For those of you that lease property to hunt on, what do you typically expect to pay? This would be for a 400 acre ranch in coryell county. Not a lot of larger deer but plenty of hogs.
tamc93 said:
To be helpful - typical questions:
Year around
How many hunters
Family / guest policy
House
Any utilities
COSCAG67 said:
For those of you that lease property to hunt on, what do you typically expect to pay? This would be for a 400 acre ranch in coryell county. Not a lot of larger deer but plenty of hogs.
My statement was in regards to leases 500 acres and less mostly. As other people stated above, you can expect to pay in the $20-$30 per acre price for a good small hill country lease. When talking about price per acre, most people would say that is totally outrageous.Russ79 said:
I disagree with 44mAG that price per acre is irrelevant, that price per gun is more important. Price per gun is only relevant to the individual that is paying their membership. Land owners generally don't care to get involved in finding individual hunters- rather lease the whole acreage and let that person find the hunters. Now they might provide input on the max number of folks he wants hunting it. Price per hunter is determined by total dollars divided by number of hunters. On any leased property, some would rather pay more to have fewer hunters which drives the price up per hunter. Take 2-1000 acre tracts that each cost $20/acre to lease. Depending on where the tracts are located, one lease might only have two hunters at $10,000 each and one lease might have four hunters at $5,000 each. If that same tract is in east Texas there might be 10 hunters at $1,000 each.

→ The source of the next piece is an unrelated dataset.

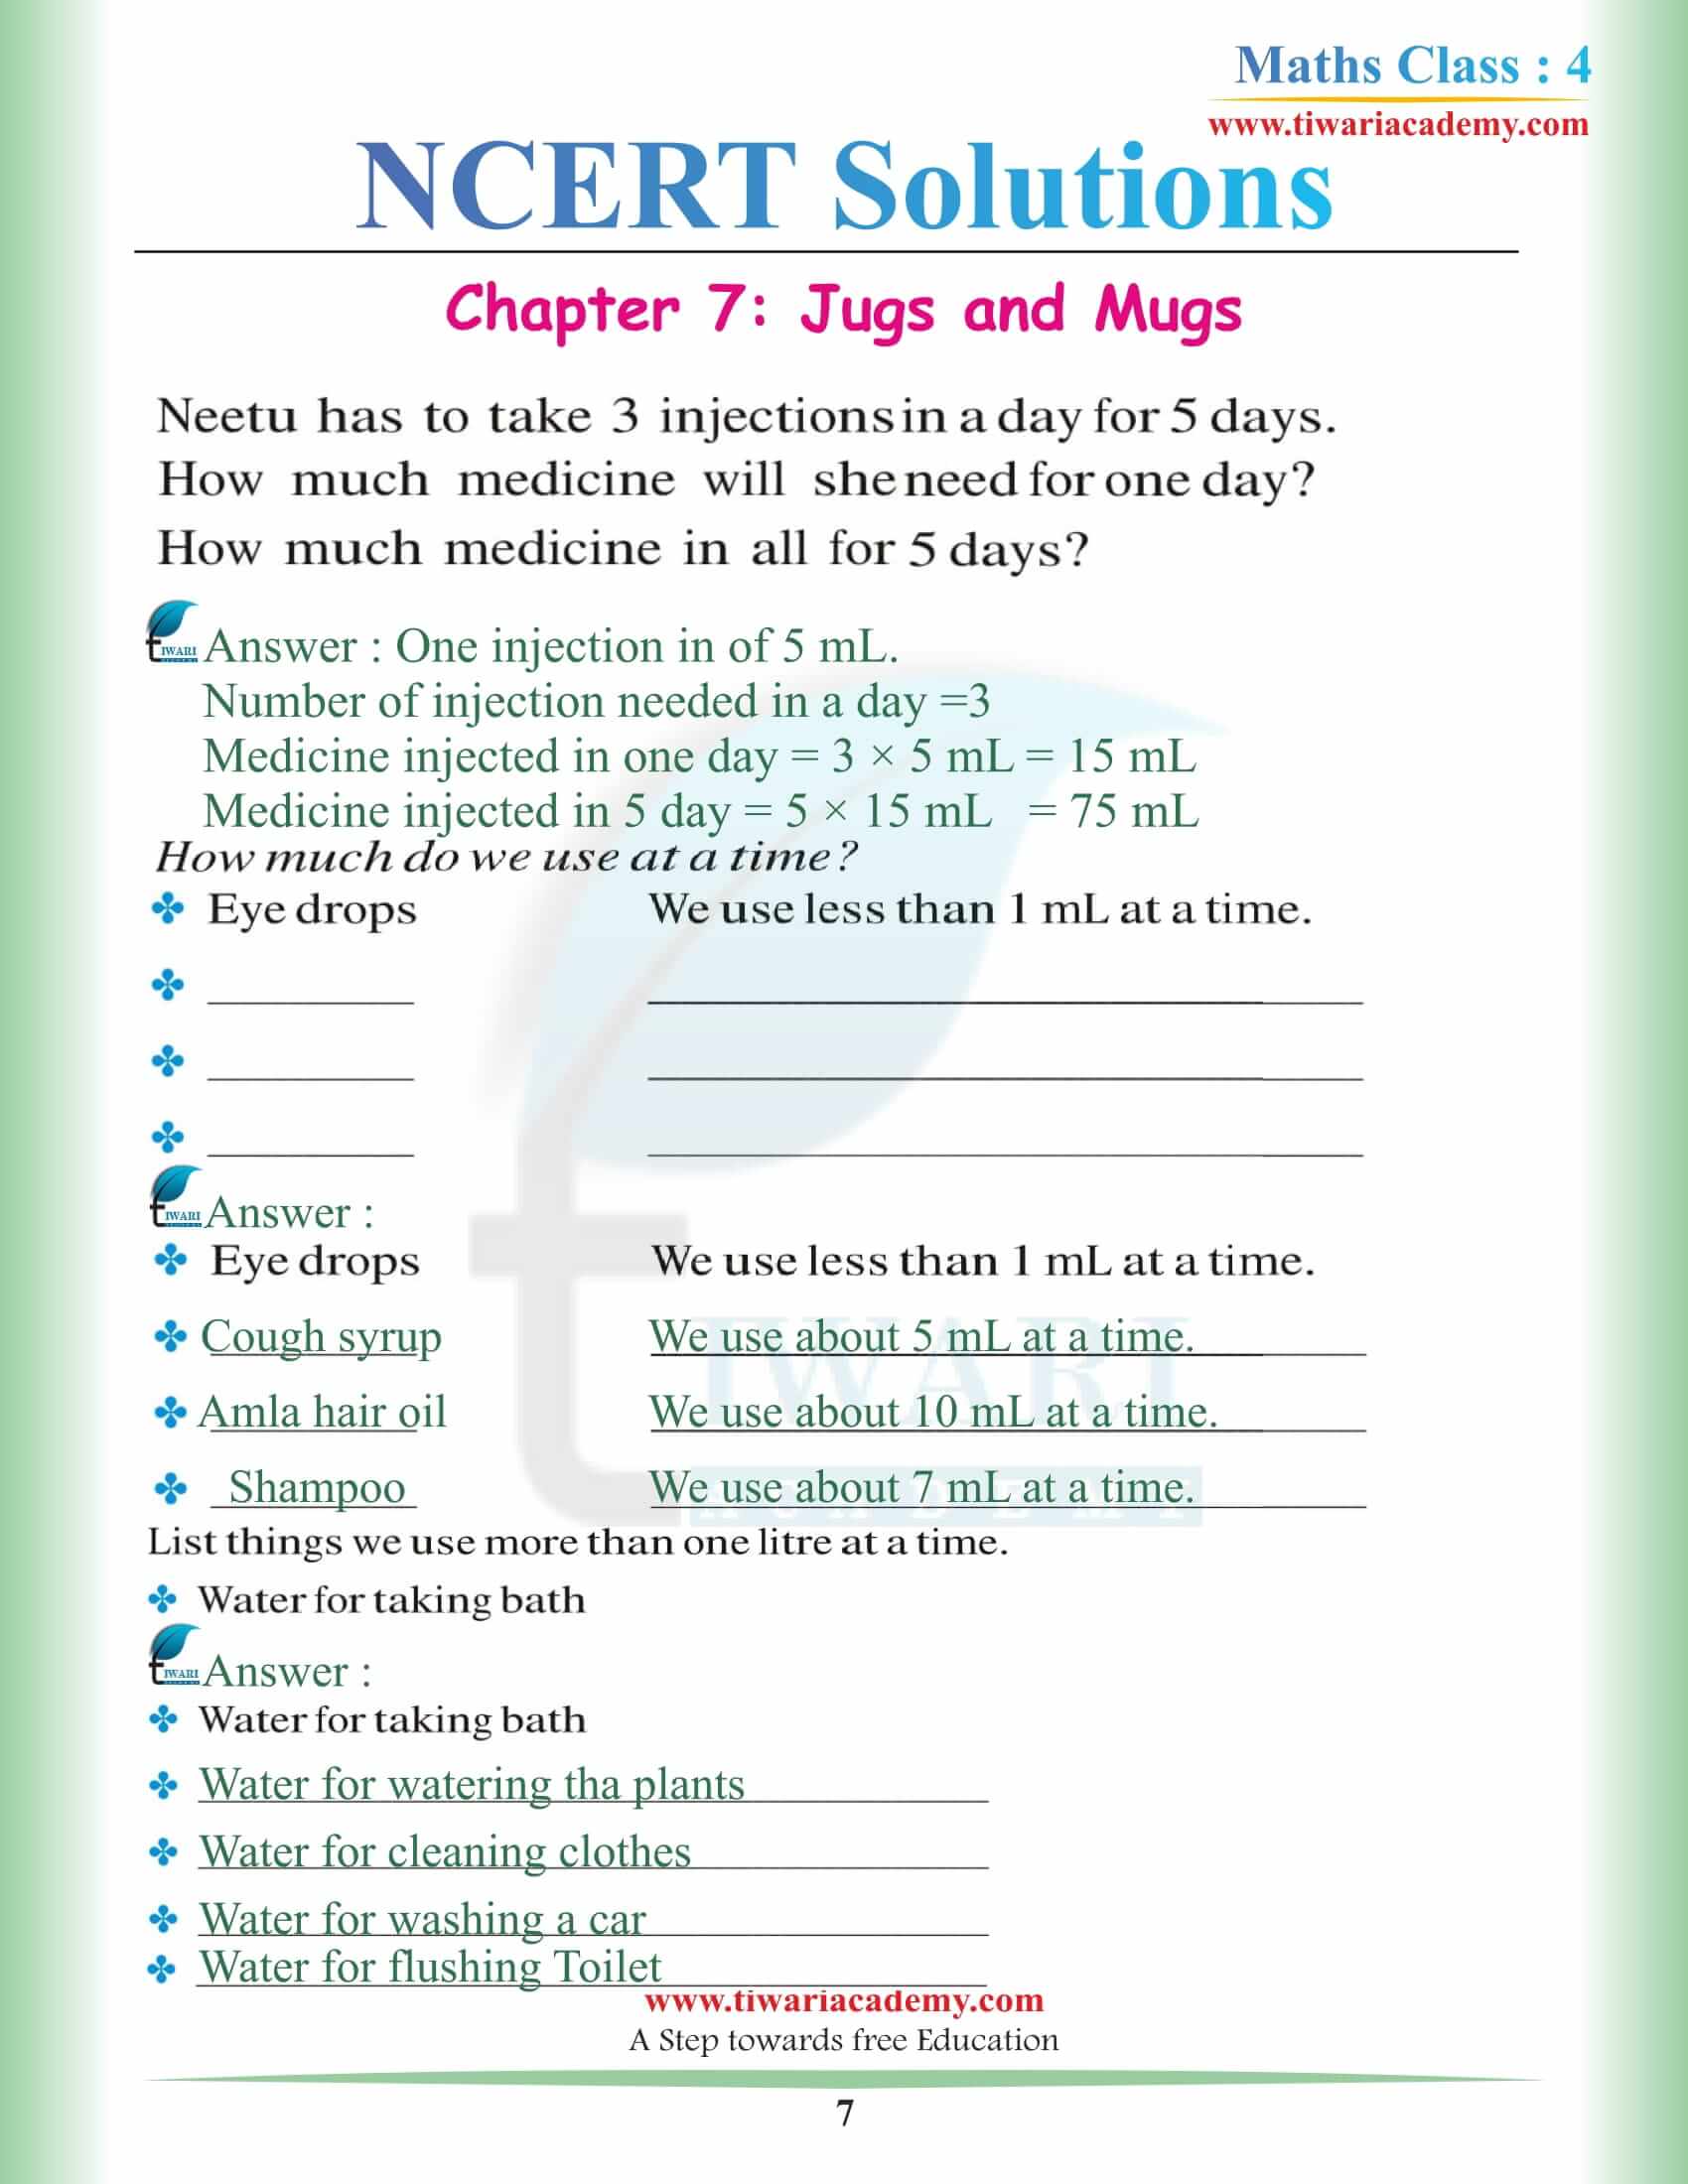 Class 4 Maths NCERT Chapter 7 Solutions in English

My advice in this instance would be this. It's really hard to even get a chance to lease a place to hunt these days. Everyone is looking and most of the time you have to know someone in order to get an invite to an open place/spot. If you think you will have no trouble finding another option, then just do what you think is best given your financial situation.COSCAG67 said:
Let's say numbers (I assume you mean deer) are on the low end, how would that change things? There's deer but I don't think it's anything crazy.

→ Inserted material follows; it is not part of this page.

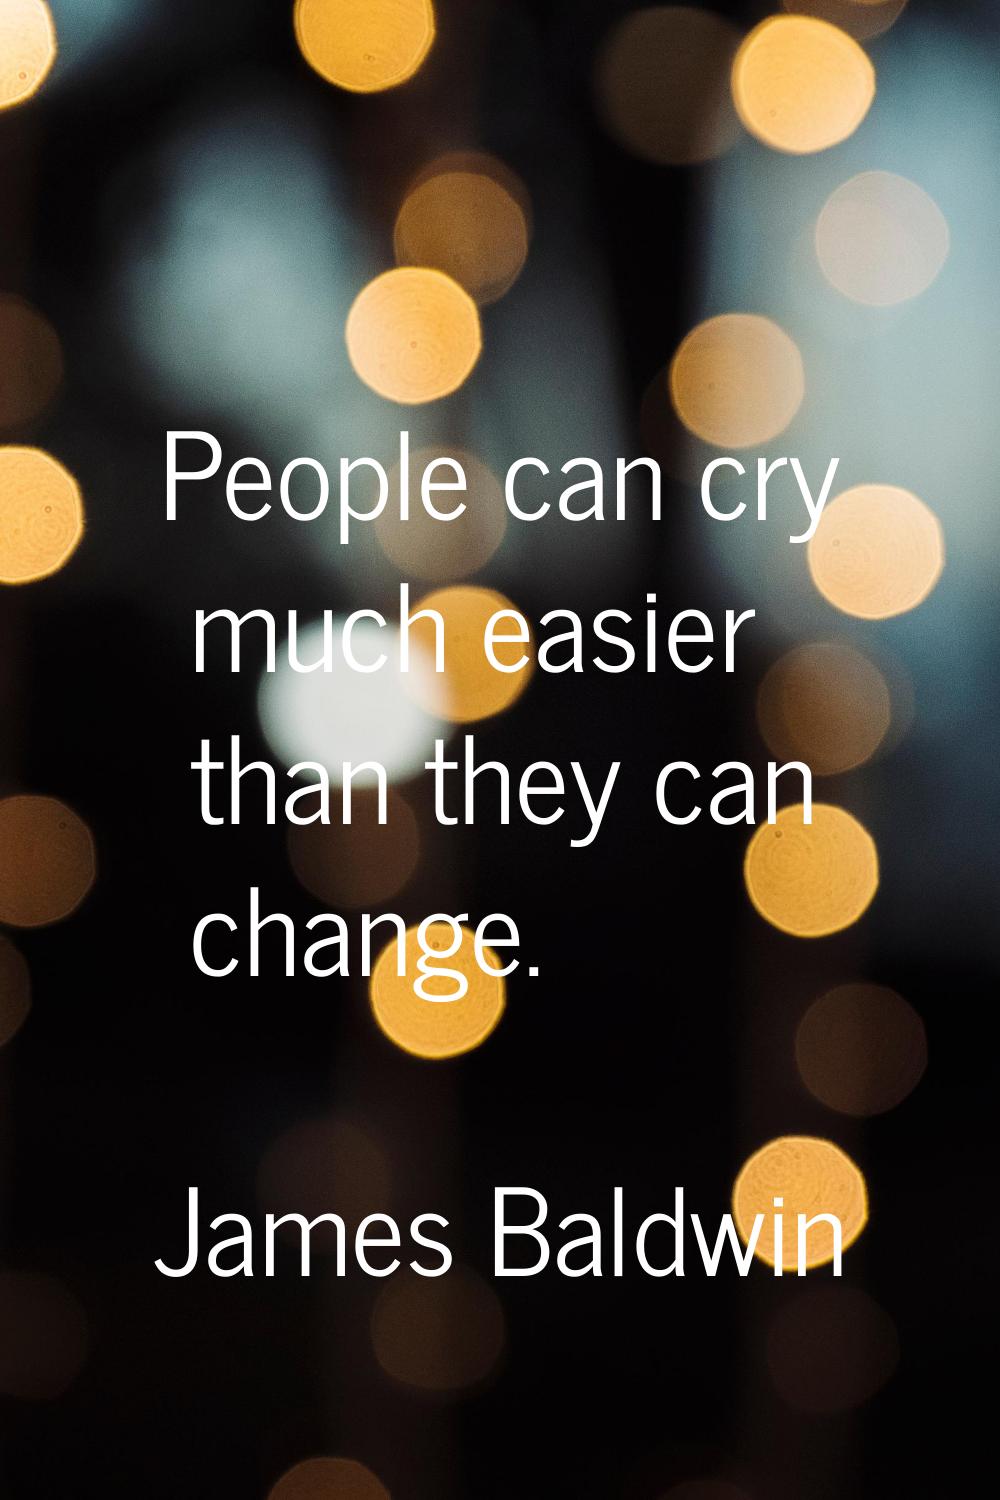 People can cry much easier than they can change.

In that case ignore my data point. I have a stupid good deal. If you have deer and habitat that holds them, you can certainly have a few hunters paying 2500 - 3000 per gun. If you have things like tanks or a creek with fish, a good camp site with water and power, and can give year-round access, you can probably get a bit more.COSCAG67 said:
I'm on the other end of it. My uncle was leasing the place out to his buddies but things have changed and I'm trying to get the revenue up to cover taxes etc. I just want it leased at market rate, whatever that is.